This study of community-based adults demonstrated that Modic type 2 change is by far the most prevalent Modic change, and is associated with reduced intervertebral disc height of the lumbar spine. While increased fat mass was associated with a higher risk of Modic type 2 change, increased fat free mass tended to protect against this lesion. Moreover, distribution of body fat was important; with a gynoid pattern protecting against Modic type 2 change, and an android pattern of fat distribution increasing the risk of this lesion. Such findings suggest that Modic type 2 change, which histologically represents fat replacement of marrow, might have a metabolic component in its aetiology.

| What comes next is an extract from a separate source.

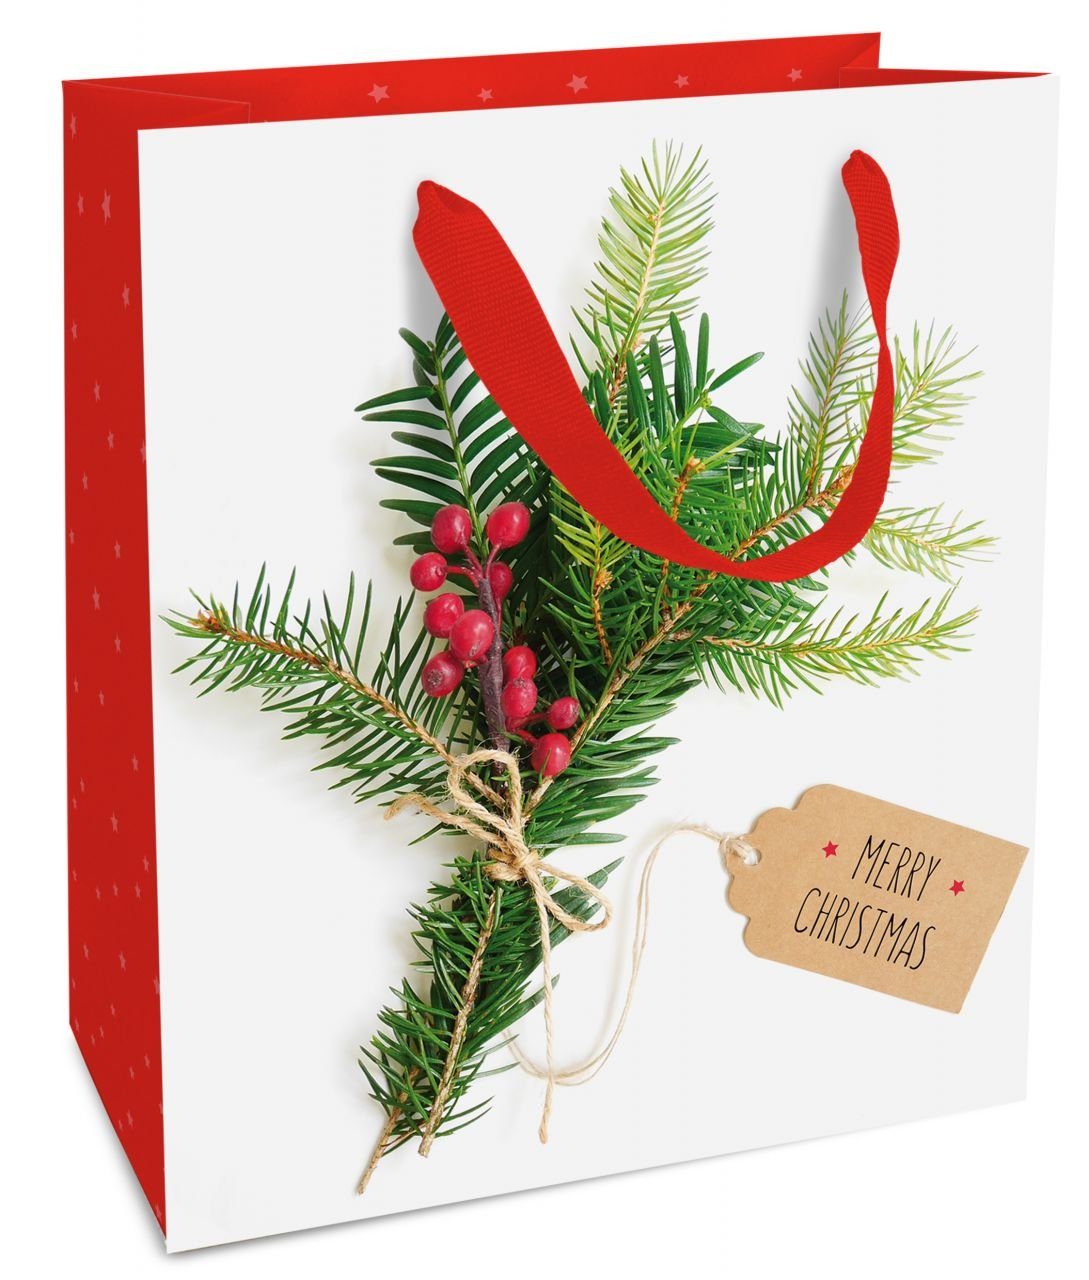 Weihnachtsgruß Geschenkpapier & Atelier Geschenktragetasche Braun+Company Company Braun

This study supports previous reports of a higher prevalence of Modic type 2 change at the L4-5 and L5-S1 level in the general community [5, 12, 17]. Moreover, past studies have demonstrated that Modic change occurs at sites of degenerative disc disease [1, 2, 10, 11]. Nevertheless, the definition of degenerative disc disease is broad and incorporates a multitude of radiological features including disc protrusion, herniation and reduced intervertebral disc height. No study has examined the associations between Modic change and individual radiological features of disc degeneration. We have used intervertebral disc height as a measure of disc degeneration. We recently demonstrated a negative dose–response relationship between increasing severity of disc degeneration with a reduction in intervertebral disc height [18]. The utility of intervertebral disc height as a quantitative and continuous measure enabled us to sensitively examine the relationships between intervertebral disc height and Modic lesions. For instance, we have shown that a reduction in intervertebral disc height is associated with Modic type 2 change in the adjacent vertebrae of the low lumbar spine, as well as the total and average intervertebral disc height of the lumbar spine. For every 1 mm reduction in the average disc height of the lumbar spine, there was a 1.6 times (95 % CI 1.1 to 2.3) increased risk of Modic change in the lumbar spine. Since the intervertebral disc abutting the vertebral endplates is comprised of avascular fibrocartilage, it is possible that the histological features of fatty replacement of the bone marrow that characterizes progressive Modic change [1, 2] impedes nutritional support to the intervertebral disc with resultant disc degeneration and loss of disc height. Alternatively, reduced intervertebral disc height may attenuate the cushioning effect and load redistribution to adjacent vertebrae, resulting in Modic change. The cross-sectional design of this study cannot however determine whether reduced intervertebral disc height is a cause or result of Modic change and longitudinal studies are required to explore a causal relationship.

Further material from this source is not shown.